(Beginning of Records shown)

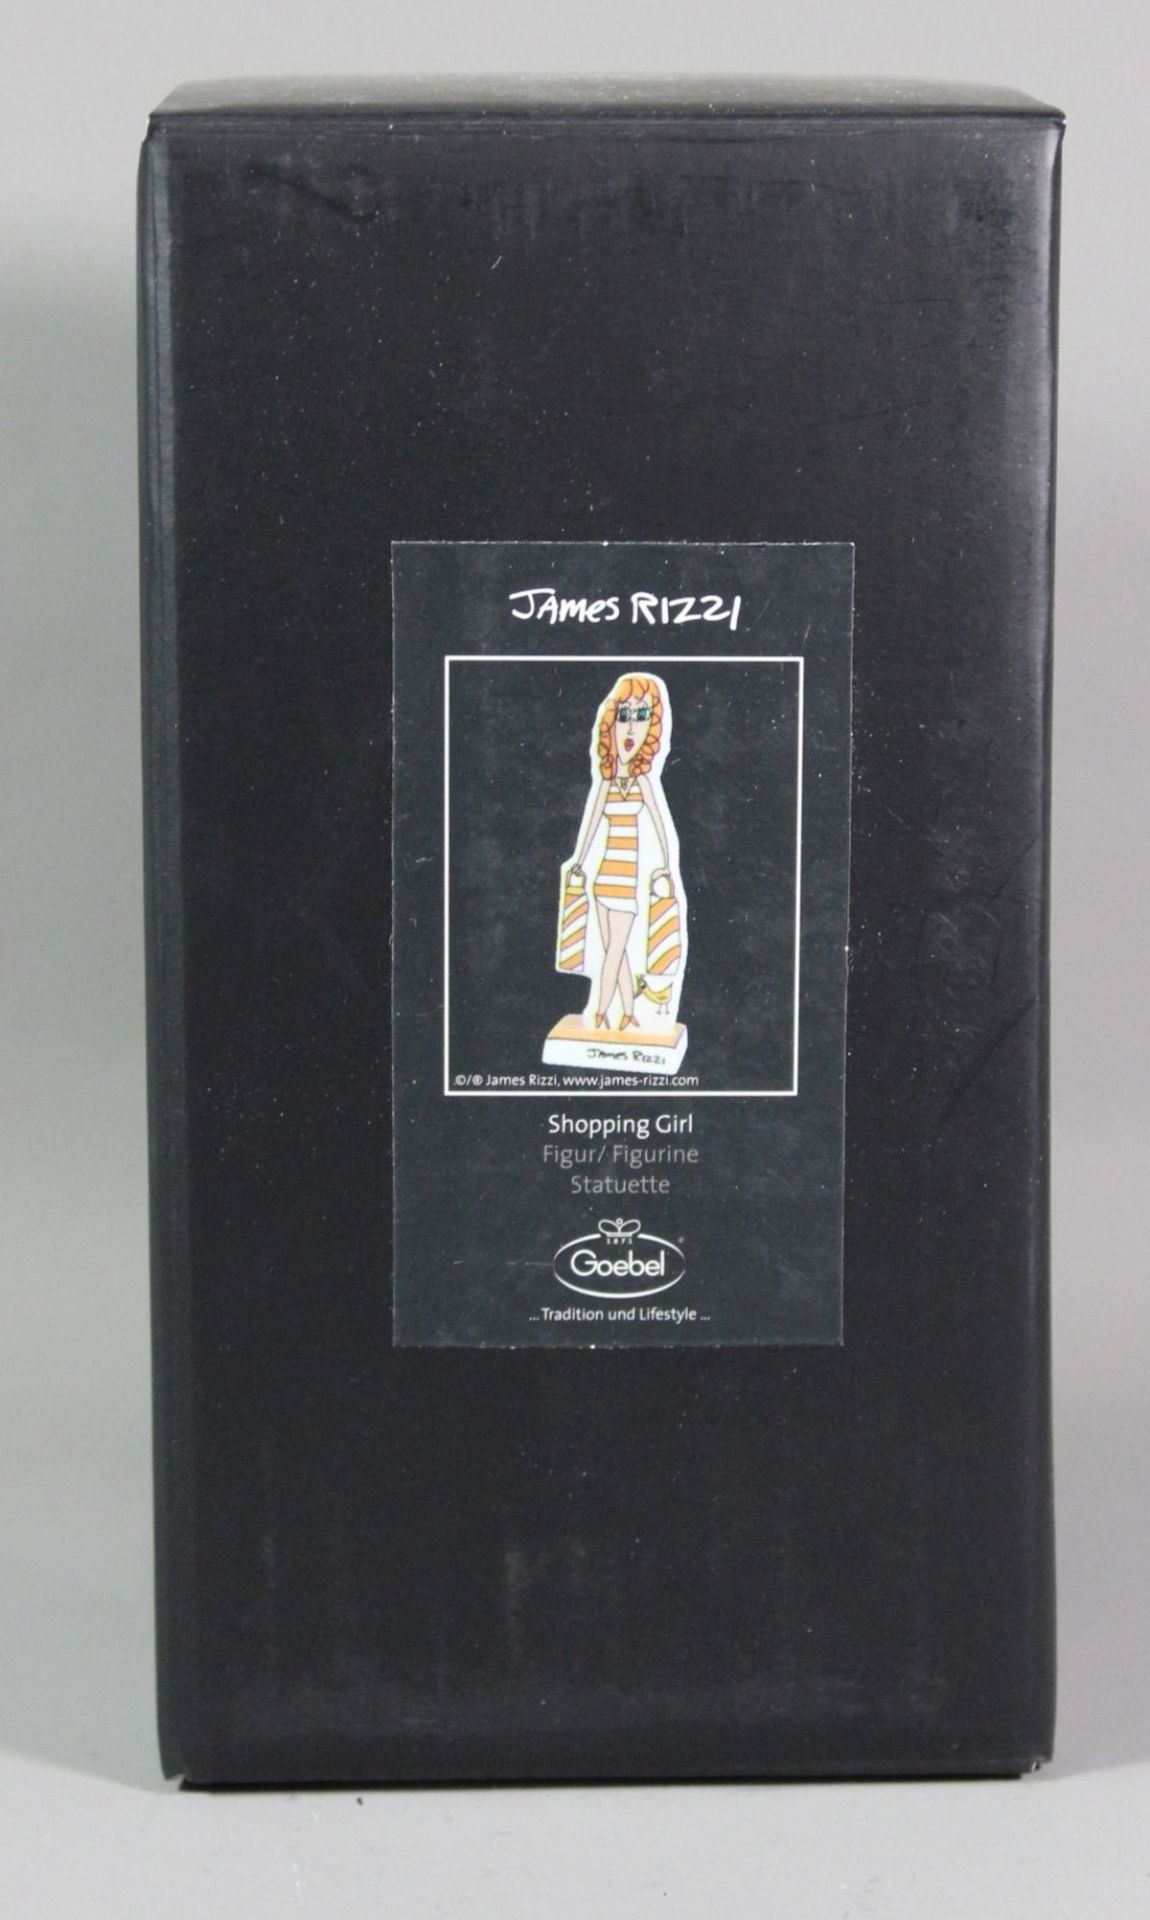 Goebel-Figur "Shopping Girl", Artis Orbis, Entw. James Rizzi, orig. Karton, ca. H-13,5cm. - Bild 3 aus 3
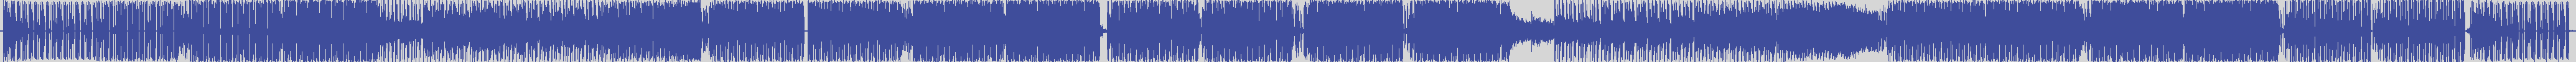 smilax_productions [SPMOL078] Takeshy Kurosawa, Gube - Wassup [Stylus Robb Remix] audio wave form
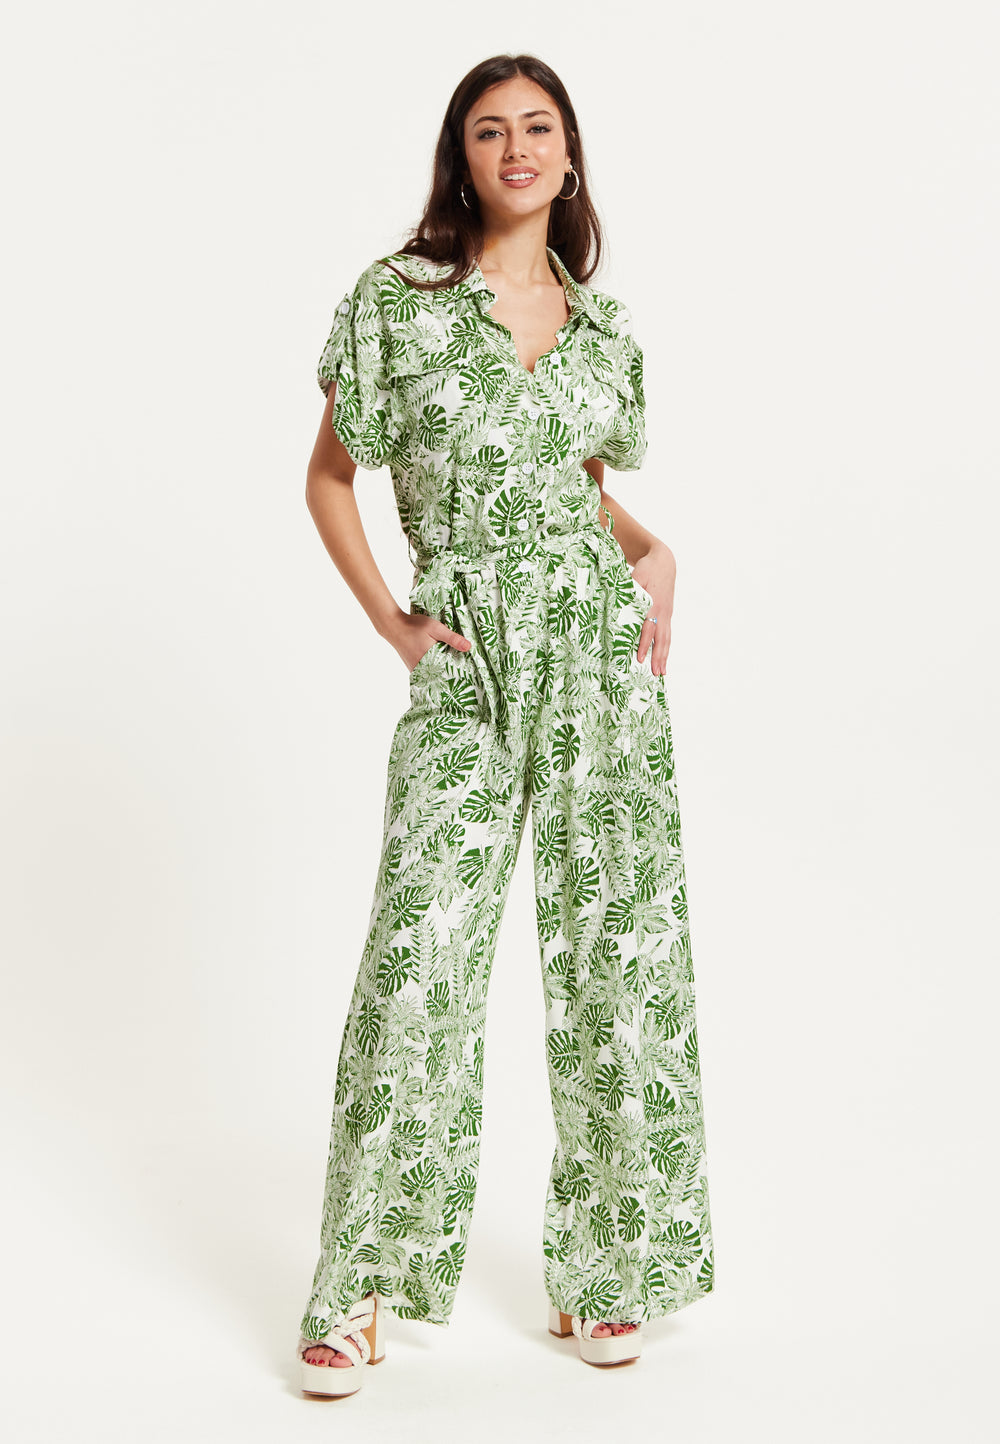 Liquorish Green Leaf Printed Jumpsuit
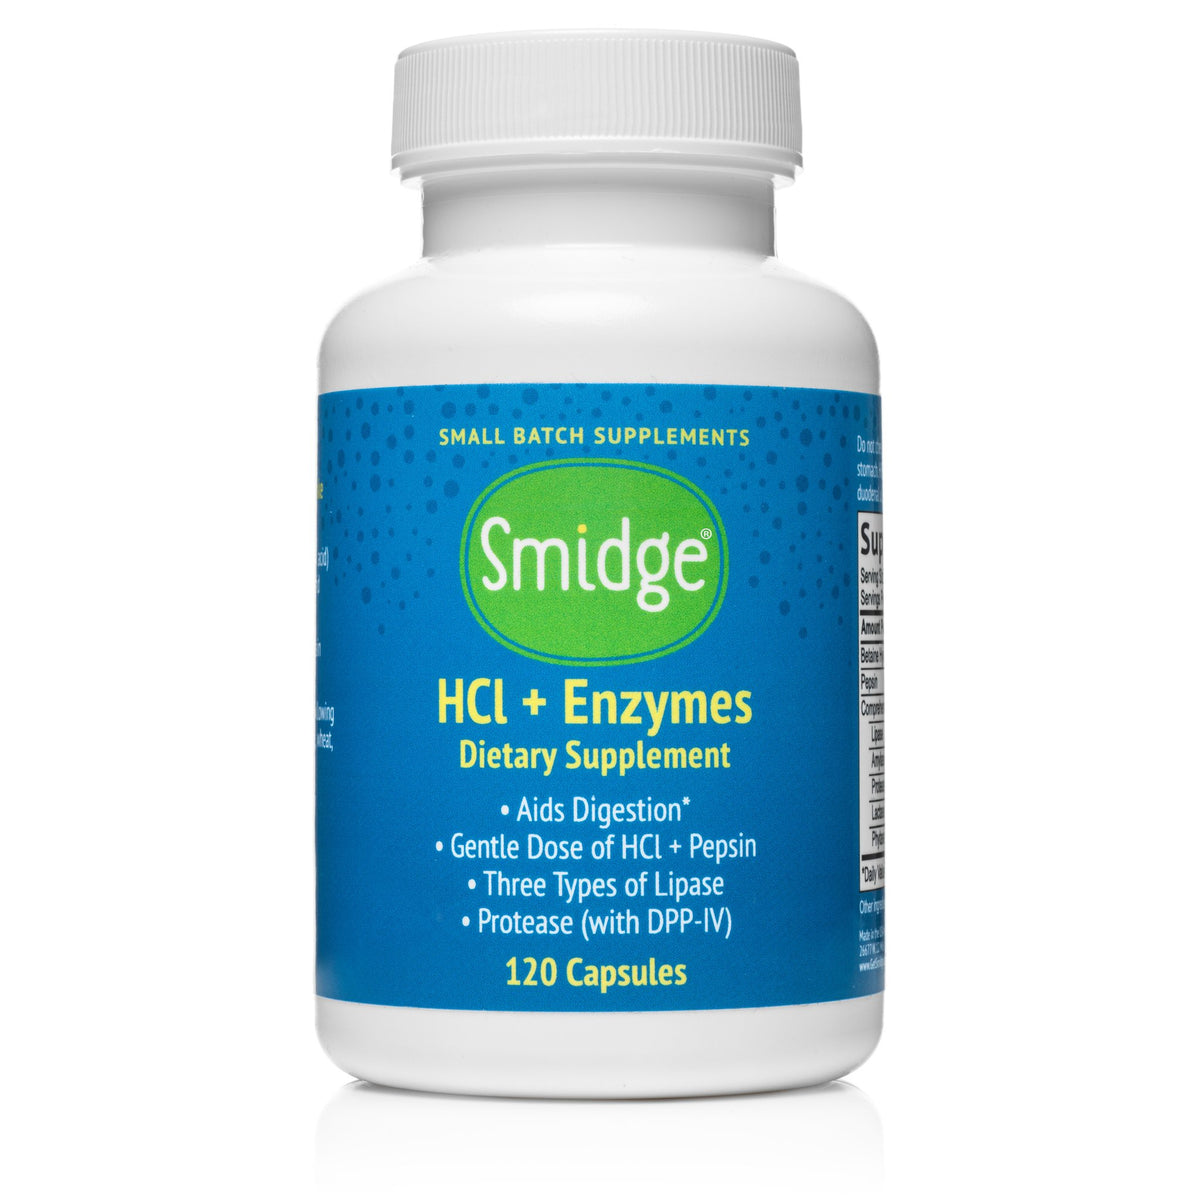 Smidge HCL + Enzymes
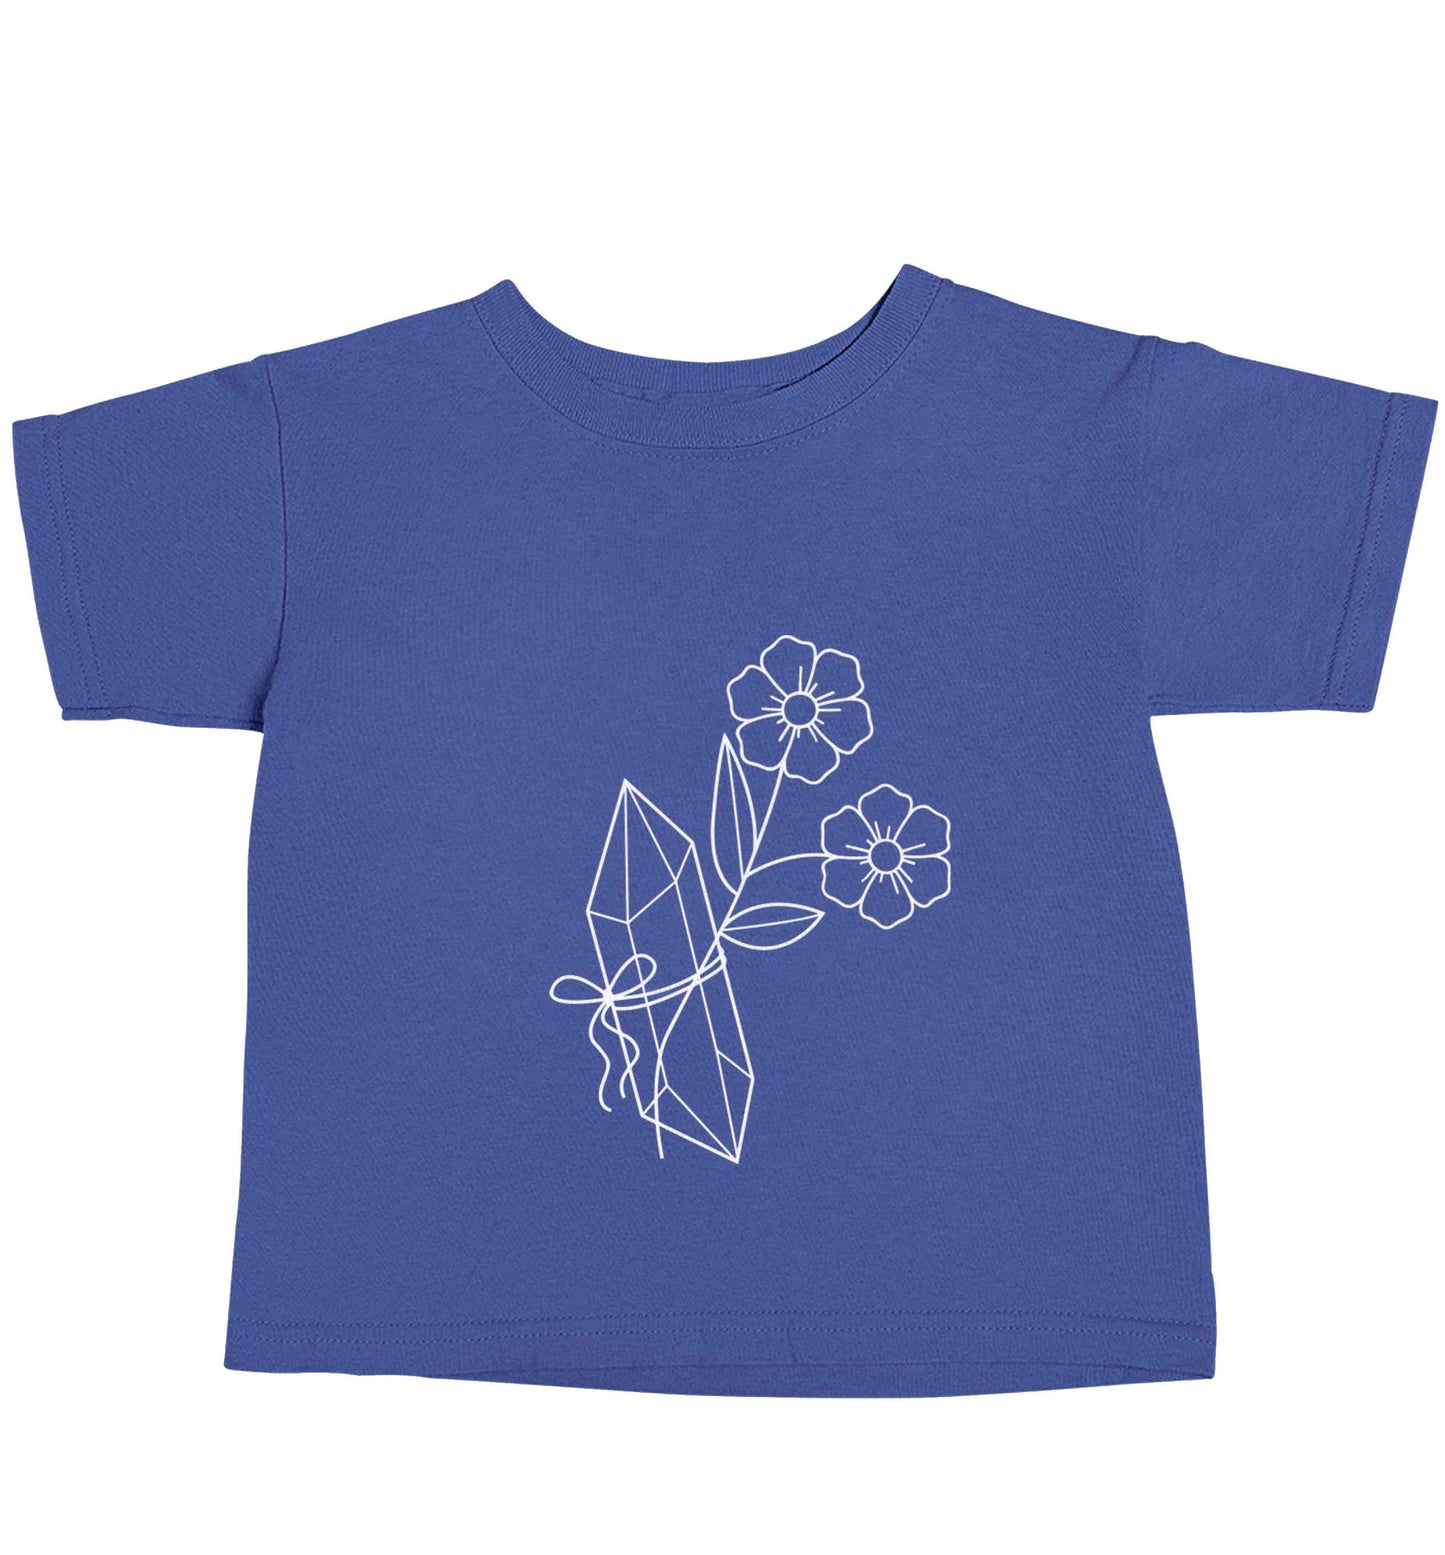 Crystal flower illustration blue baby toddler Tshirt 2 Years
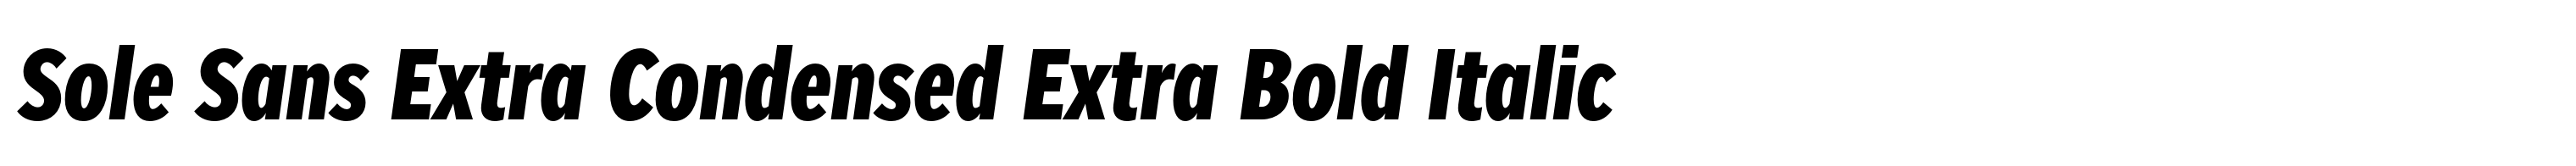 Sole Sans Extra Condensed Extra Bold Italic

(End of Records shown)

- Assigned task:
When you give the entries again, keep them exact and omit any picture they contain.

- Completed task:
 Goebel-Figur "Shopping Girl", Artis Orbis, Entw. James Rizzi, orig. Karton, ca. H-13,5cm. - Bild 3 aus 3
 smilax_productions [SPMOL078] Takeshy Kurosawa, Gube - Wassup [Stylus Robb Remix] audio wave form
 Liquorish Green Leaf Printed Jumpsuit
 Smidge HCL + Enzymes
 Crystal flower illustration blue baby toddler Tshirt 2 Years
 Sole Sans Extra Condensed Extra Bold Italic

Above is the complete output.